A visitor remembered long afterward a handsome young woman who he thought was Nancy Hanks, singing wildly, whirling about as may once have done the ecstatic women of the woods of Thrace, making her way among equally passionate worshipers, to the foot of the rude altar, and there casting herself into the arms of the man she was to marry.(6) So did thousands of forest women in those seasons when their communion with a mystic loneliness was confessed, when they gave tongue as simply as wild creatures to the nameless stirrings and promptings of that secret woodland where Pan was still the lord. And the day following the revival, they were again the silent, expressionless, much enduring, long-suffering forest wives, mothers of many children, toilers of the cabins, who cooked and swept and carried fuel by sunlight, and by firelight sewed and spun.

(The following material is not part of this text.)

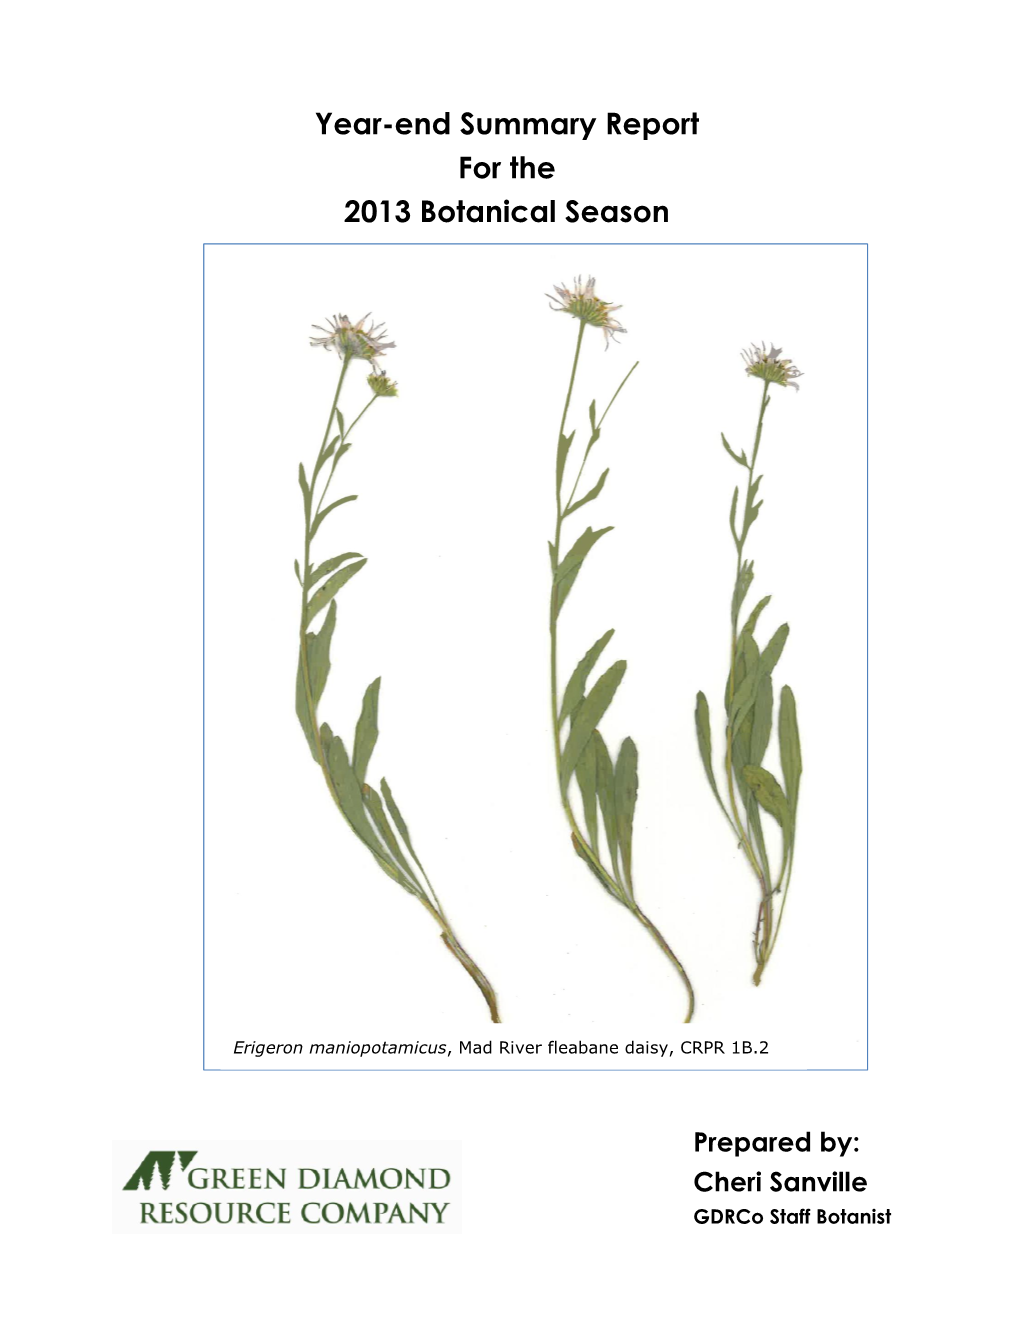 Year-End Summary Report for the 2013 Botanical Season

It can easily be understood how these women, as a rule, exerted little influence on their sons. Their imaginative side was too deeply hidden, the nature of their pleasures too secret, too mysterious. Male youth, following its obvious pleasure, went with the men to the hunt. The women remained outsiders. The boy who chose to do likewise, was the incredible exception. In him had come to a head the deepest things in the forest life: the darkly feminine things, its silence, its mysticism, its secretiveness, its tragic patience. Abraham was such a boy. It is said that he astounded his father by refusing to own a gun. He earned terrible whippings by releasing animals caught in traps. Though he had in fullest measure the forest passion for listening to stories, the ever-popular tales of Indian warfare disgusted him. But let the tale take on any glint of the mystery of the human soul—as of Robinson Crusoe alone on his island, or of the lordliness of action, as in Columbus or Washington—and he was quick with interest. The stories of talking animals out of Aesop fascinated him.